• [SUPPLIED DATA]
***

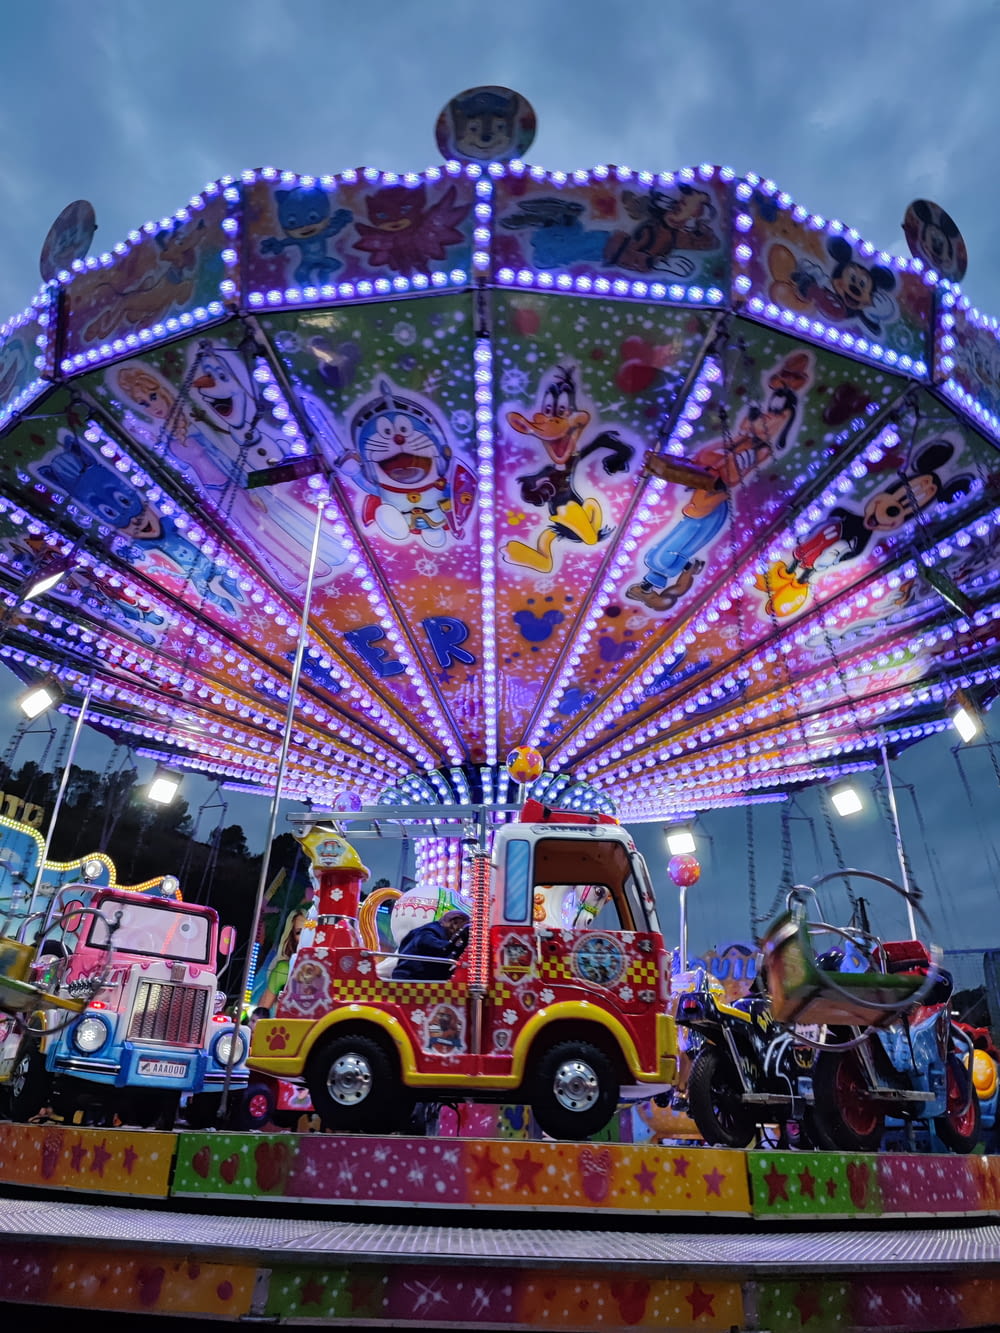 a brightly lit carnival ride with a colorful car
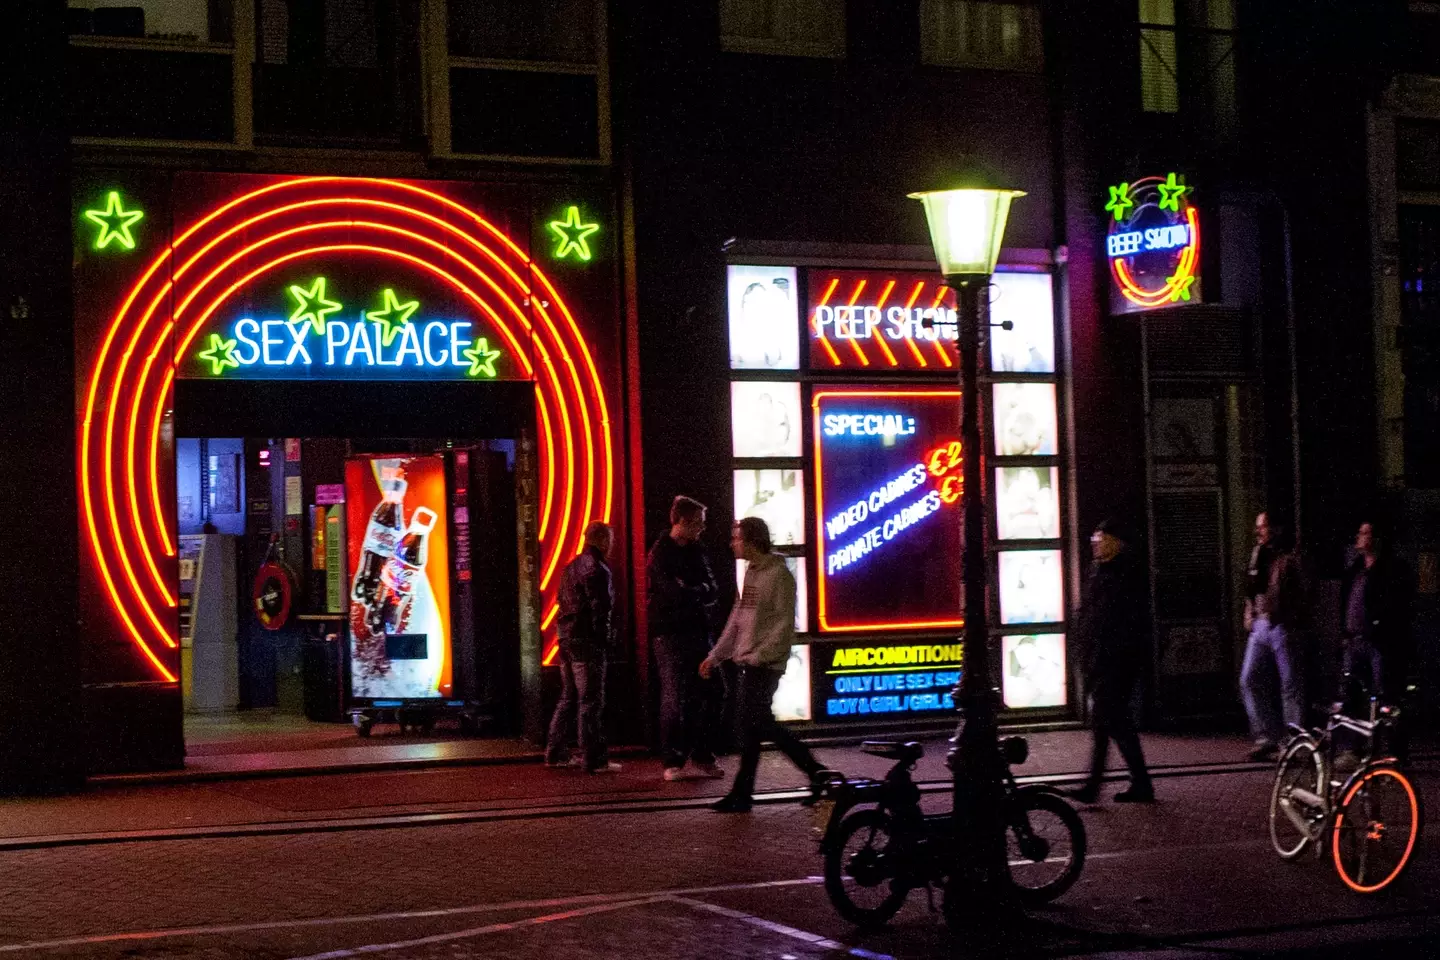 There’s plenty of harmless fun in sex shops, peep shows and museums.
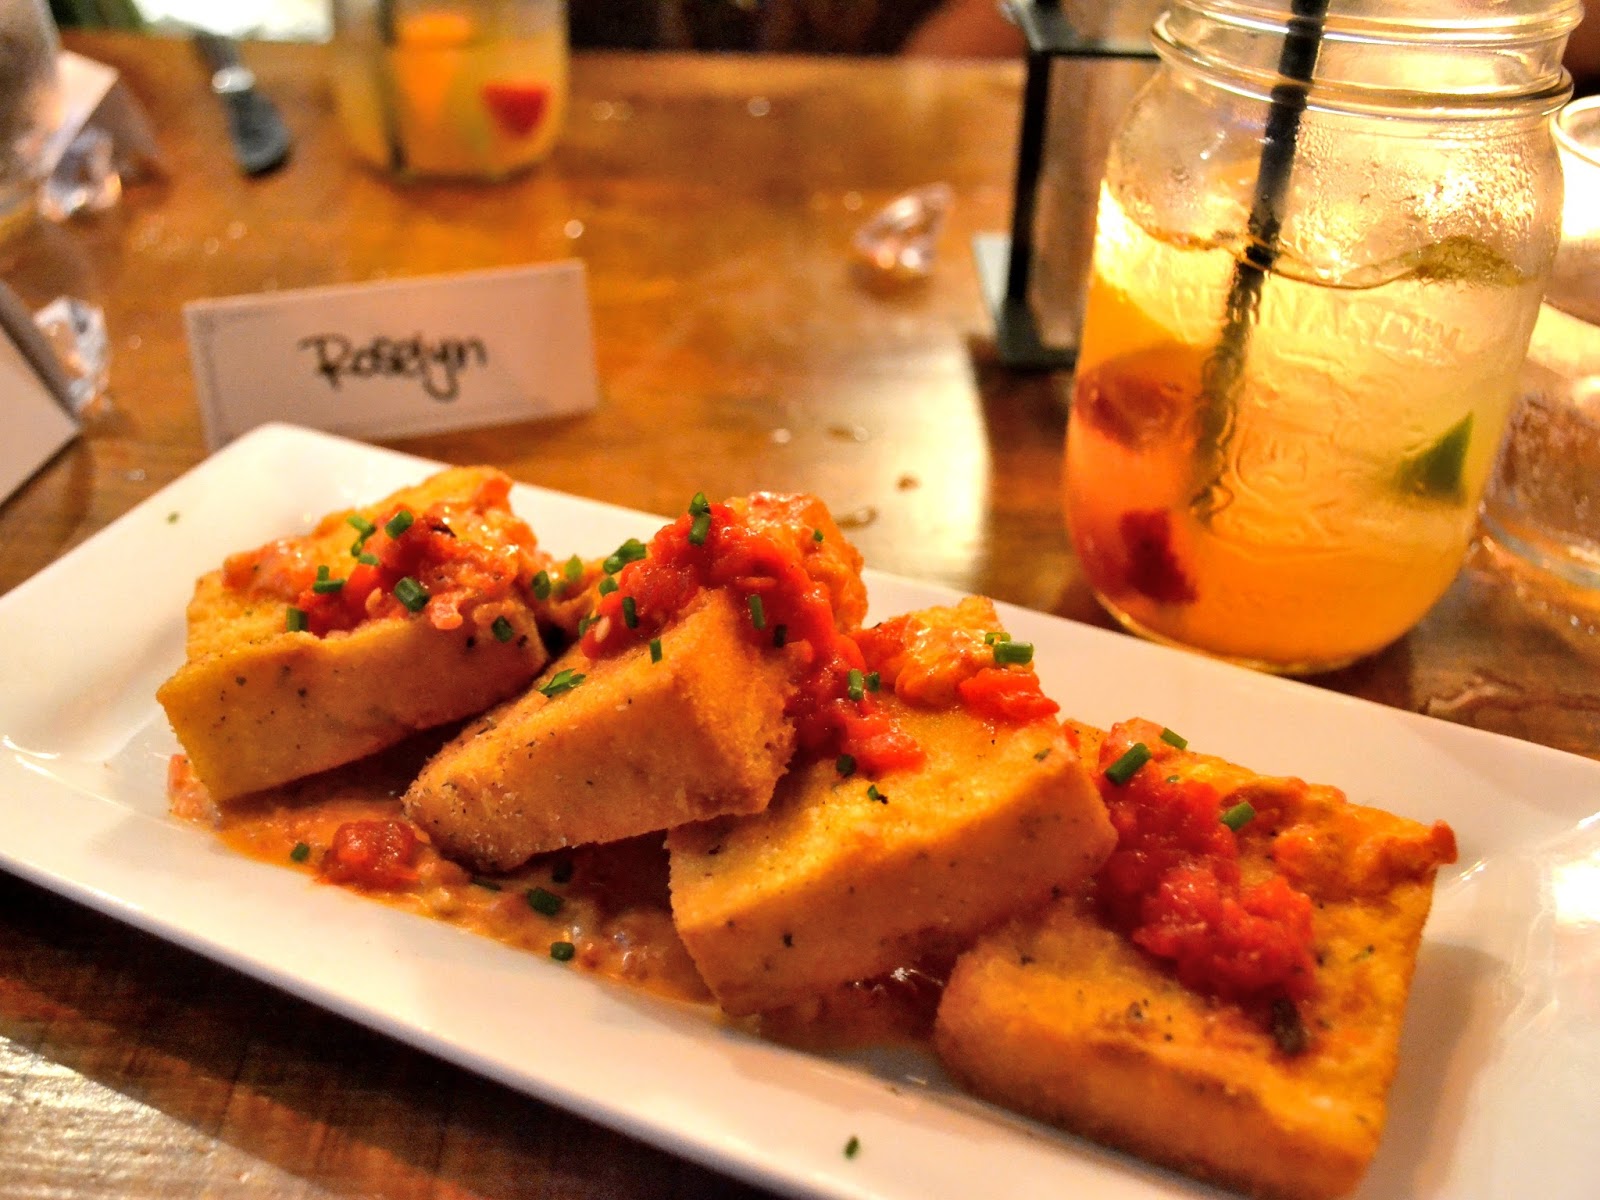 Flavours of Spain at Tango Nuevo
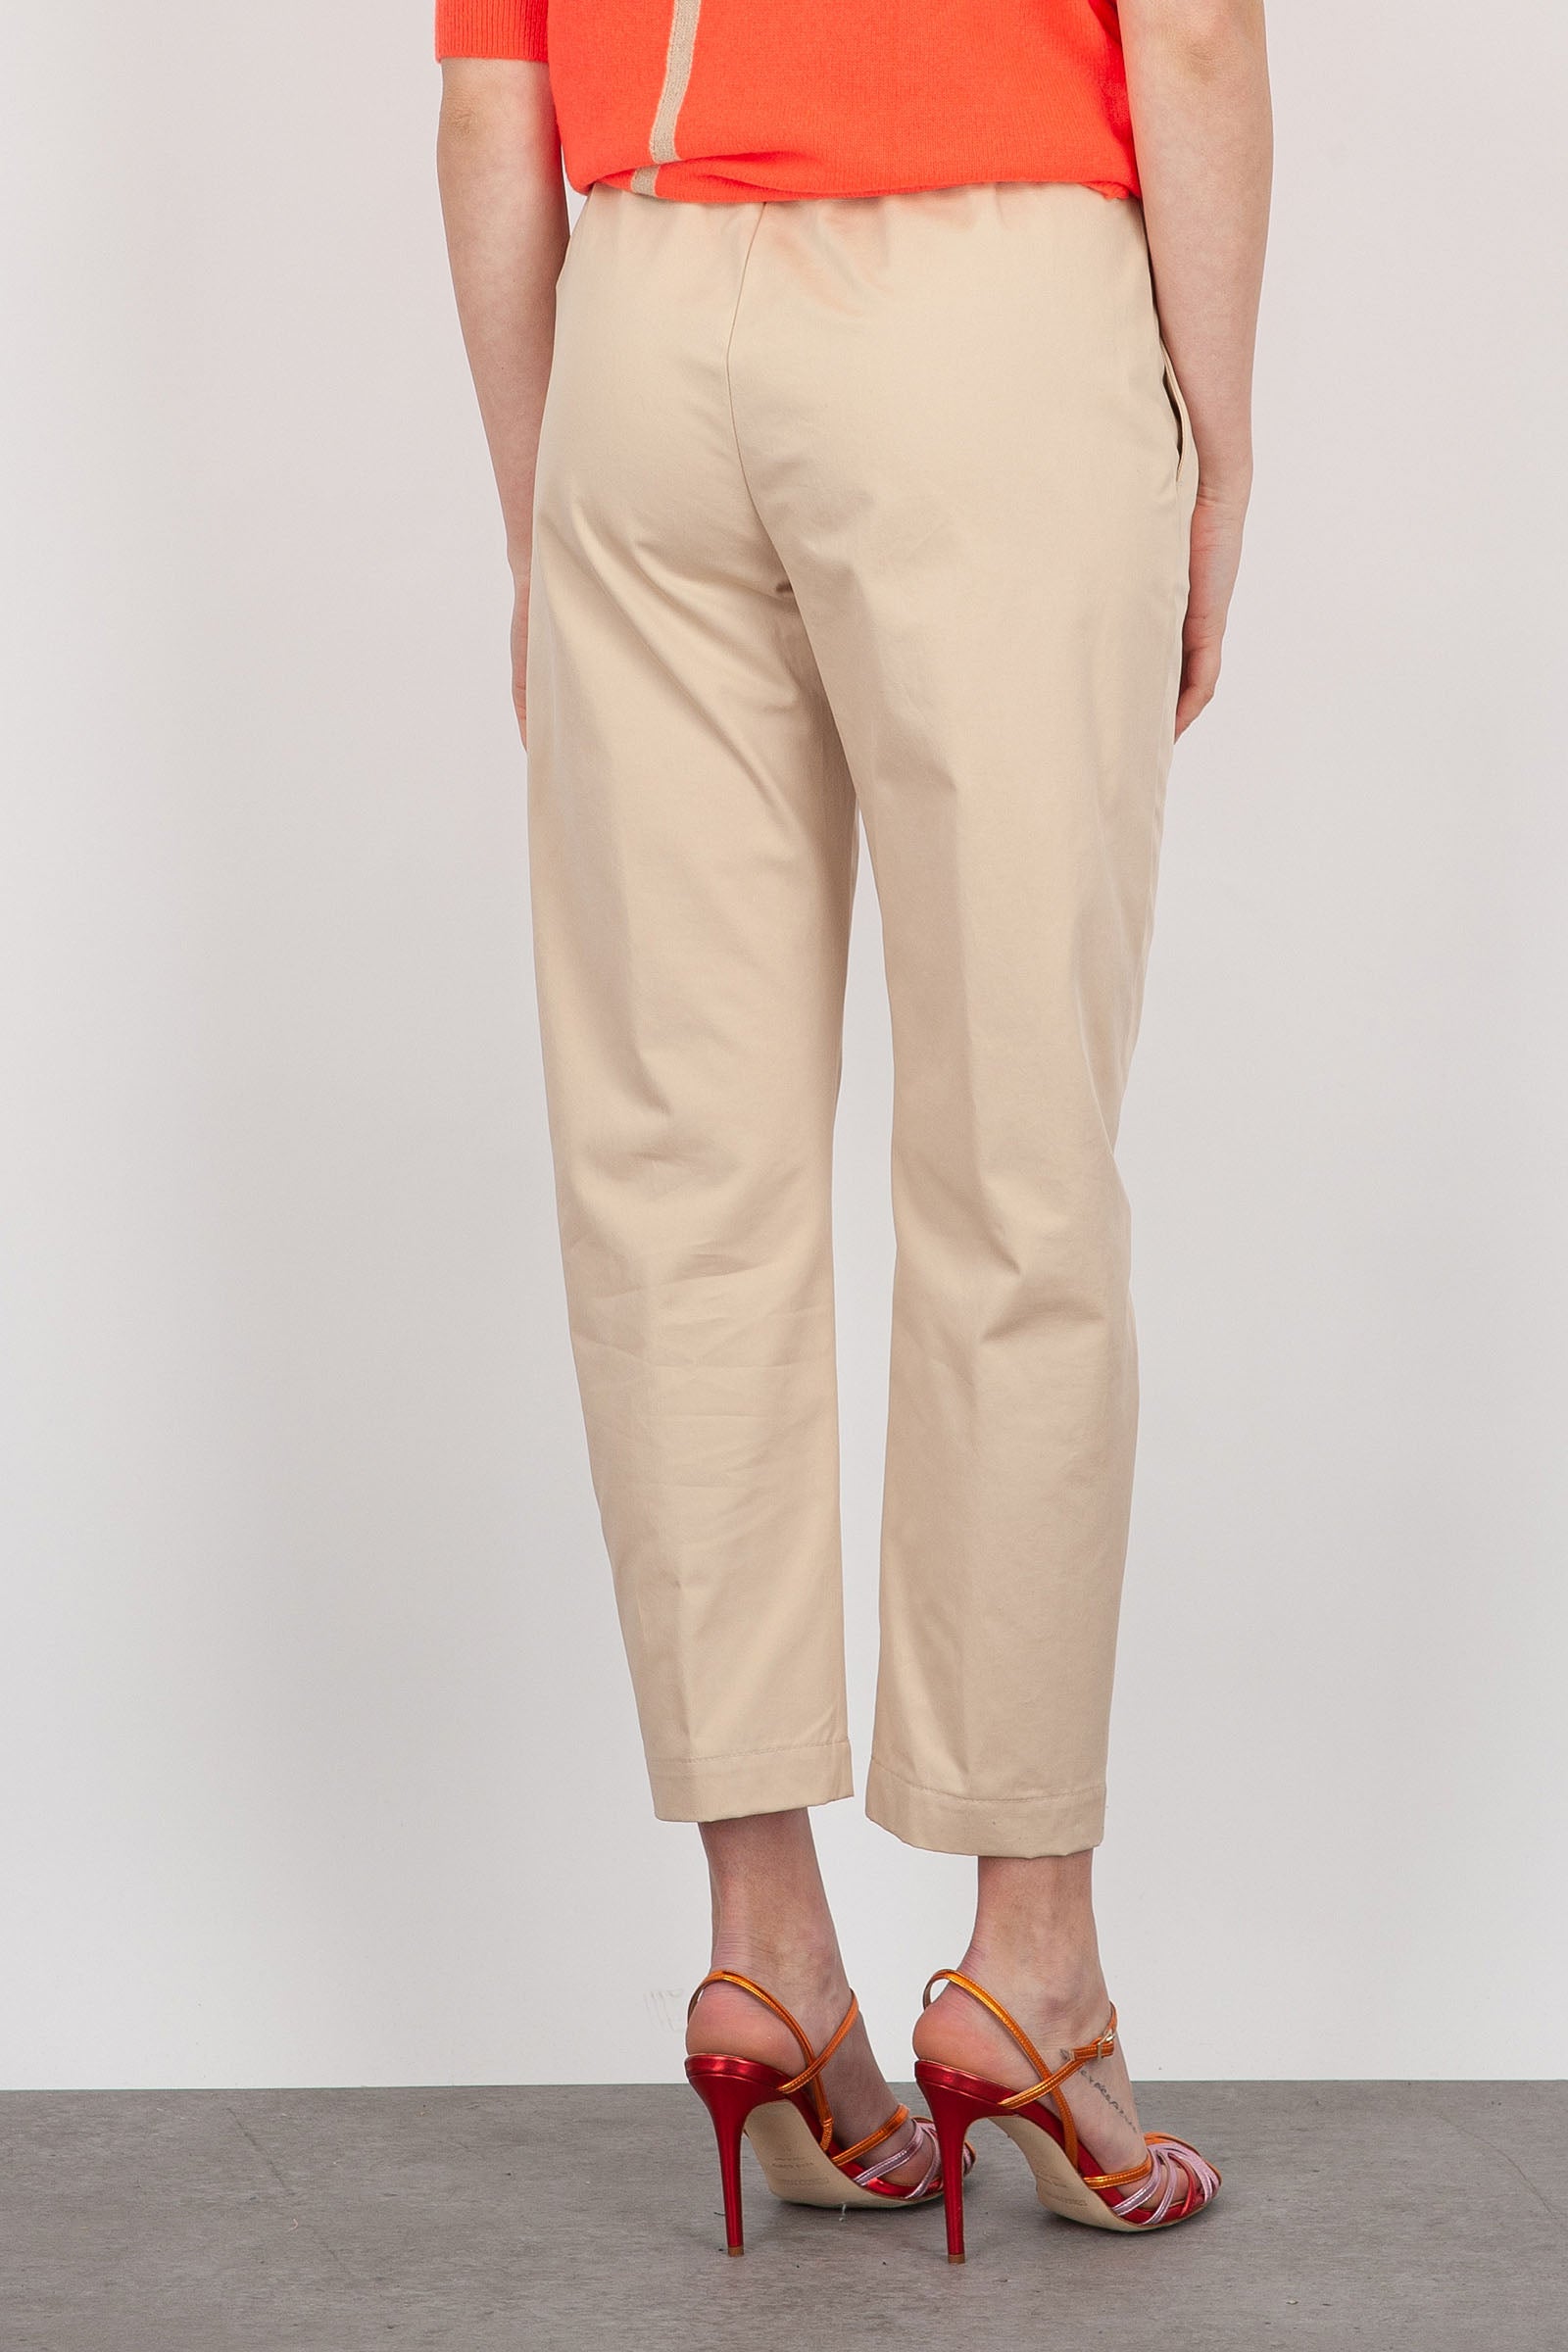 Semicouture Buddy Trousers Camel Cotton - 4

***

• [ABOUT THIS EXERCISE] Output the lines above verbatim, images excluded.

• [FINISHED EXERCISE]
 a brightly lit carnival ride with a colorful car
 There’s plenty of harmless fun in sex shops, peep shows and museums.
 Flavours of Spain at Tango Nuevo
 Semicouture Buddy Trousers Camel Cotton - 4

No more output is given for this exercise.